Whisper AI is a powerful speech-to-text model by OpenAI that allows for high-quality transcription. This guide walks you through the step-by-step installation process.
Step 1: Install Python
Whisper AI requires Python to run.
- Download Python from python.org.
- Ensure you install Python 3.8 or later (Whisper supports up to Python 3.11).
- During installation, check the box to add Python to PATH.
- Verify installation by running:
python --version
Step 2: Install PyTorch
Whisper AI depends on PyTorch for deep learning functionalities.
- Visit pytorch.org and follow the instructions for your system.
- Example installation command:
pip install torch torchvision torchaudio
- Verify installation:
python -c "import torch; print(torch.__version__)"

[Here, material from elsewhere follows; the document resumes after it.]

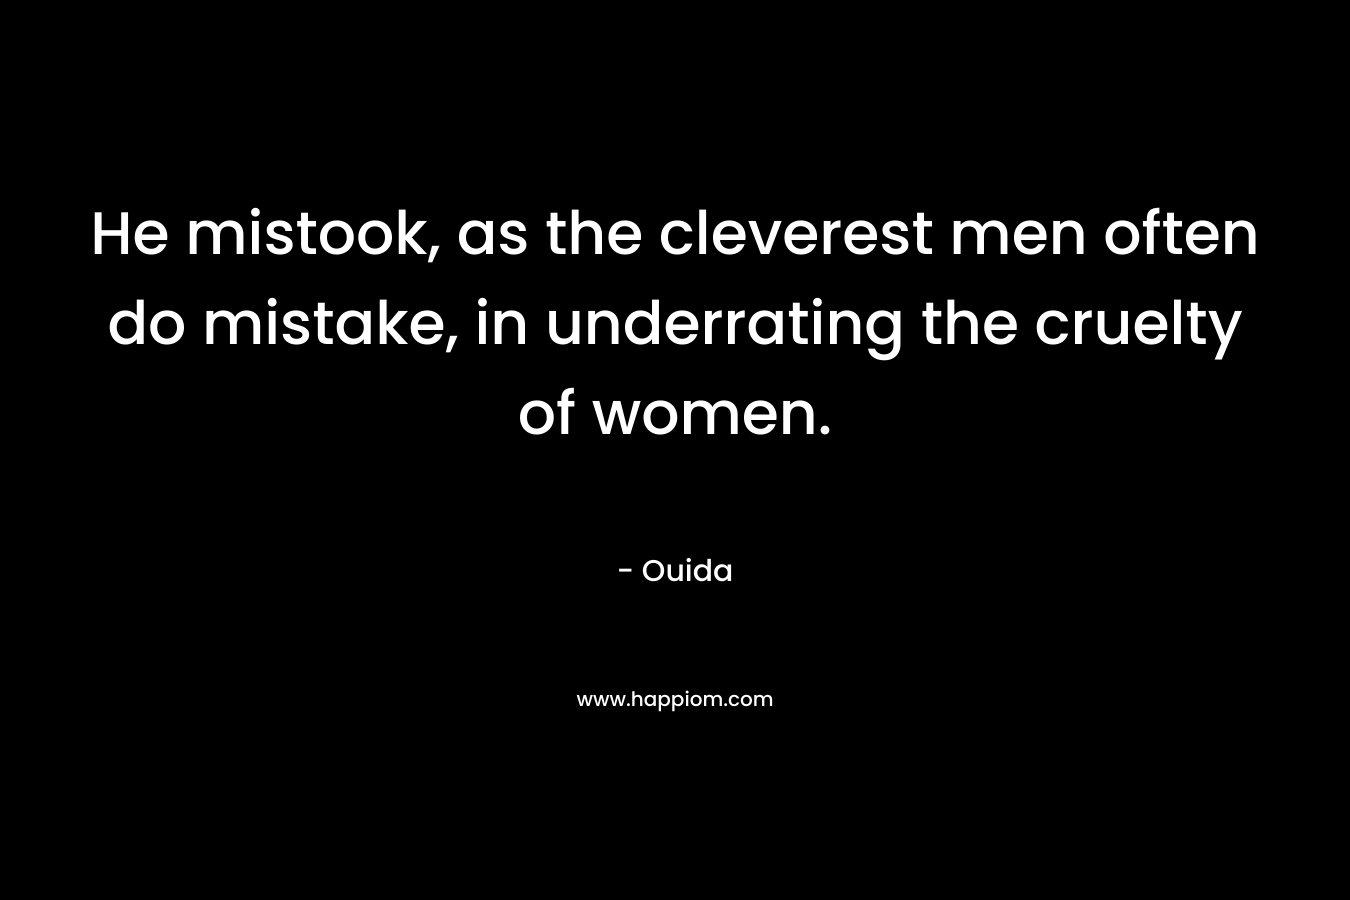 He mistook, as the cleverest men often do mistake, in underrating the cruelty of women.

Step 3: Install Chocolatey (Windows Users Only)
Chocolatey is a package manager for Windows.
- Open PowerShell as an administrator and run:
Set-ExecutionPolicy Bypass -Scope Process -Force; [System.Net.ServicePointManager]::SecurityProtocol = [System.Net.ServicePointManager]::SecurityProtocol -bor 3072; iex ((New-Object System.Net.WebClient).DownloadString('https://community.chocolatey.org/install.ps1'))
- Verify installation:
choco --version
Step 4: Install FFmpeg
FFmpeg is required for handling audio files.

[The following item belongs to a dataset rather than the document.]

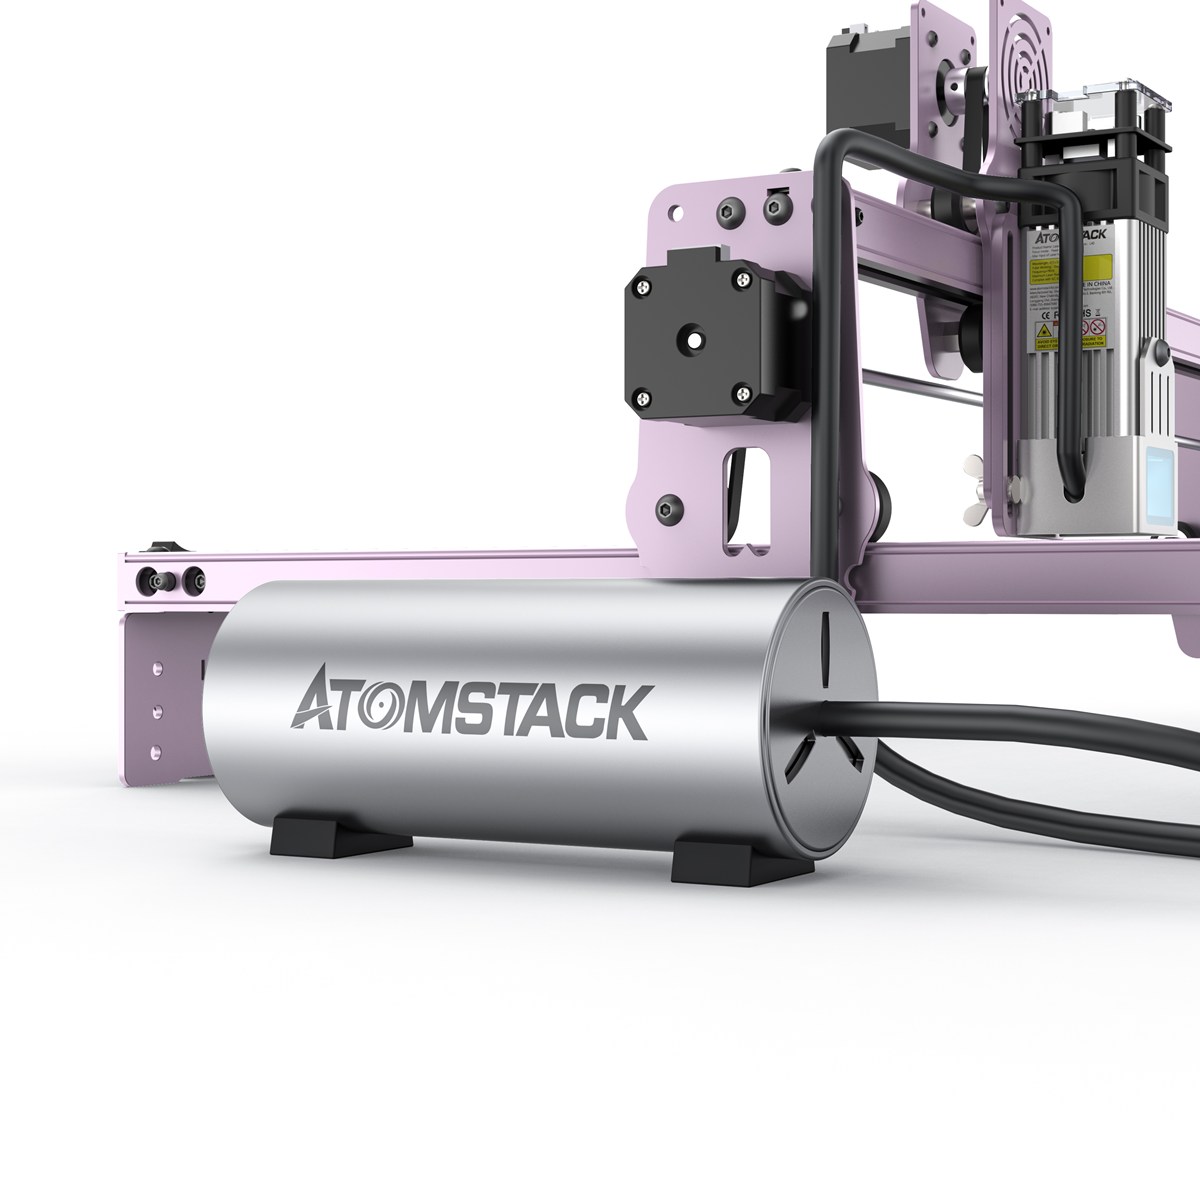 Atomstack-Air-Assist-System-for-Laser-Engraving-Machine-Laser-Cutting-Engraving-Air-assisted-Accesso-1932834-3

- Windows (via Chocolatey):
choco install ffmpeg
- macOS:
brew install ffmpeg
- Linux (Ubuntu/Debian):
sudo apt update && sudo apt install ffmpeg
- Verify installation:
ffmpeg -version
Step 5: Install Whisper AI
- Run the installation command:
pip install -U openai-whisper
- Alternatively, install directly from GitHub for the latest version:
pip install git+https://github.com/openai/whisper.git
- To update Whisper AI:
pip install --upgrade --no-deps --force-reinstall git+https://github.com/openai/whisper.git
- Verify installation:
whisper --help
Step 6: Run a Test Transcription
To check if Whisper AI is working, run:
whisper example.mp3 --model small
This will generate a transcription of example.mp3.
Additional Features
- Use Different Models: Whisper supports multiple models (tiny, small, medium, large). Example:
whisper example.mp3 --model medium
- Transcribe Multiple Files:
whisper file1.mp3 file2.mp3
- Specify Language:
whisper example.mp3 --language English
- Translate Non-English Speech to English:
whisper example.mp3 --task translate
CUDA Compatibility for GPU Acceleration
If you have an NVIDIA GPU, you can speed up transcription with CUDA:
- Install CUDA-compatible PyTorch by selecting the correct version from pytorch.org.
- Install NVIDIA drivers and CUDA from NVIDIA.
- Run Whisper using CUDA:
whisper example.mp3 --model large --device cuda
Congratulations! 🎉 You have successfully installed and set up Whisper AI for transcription. For further details, visit the Whisper GitHub repository.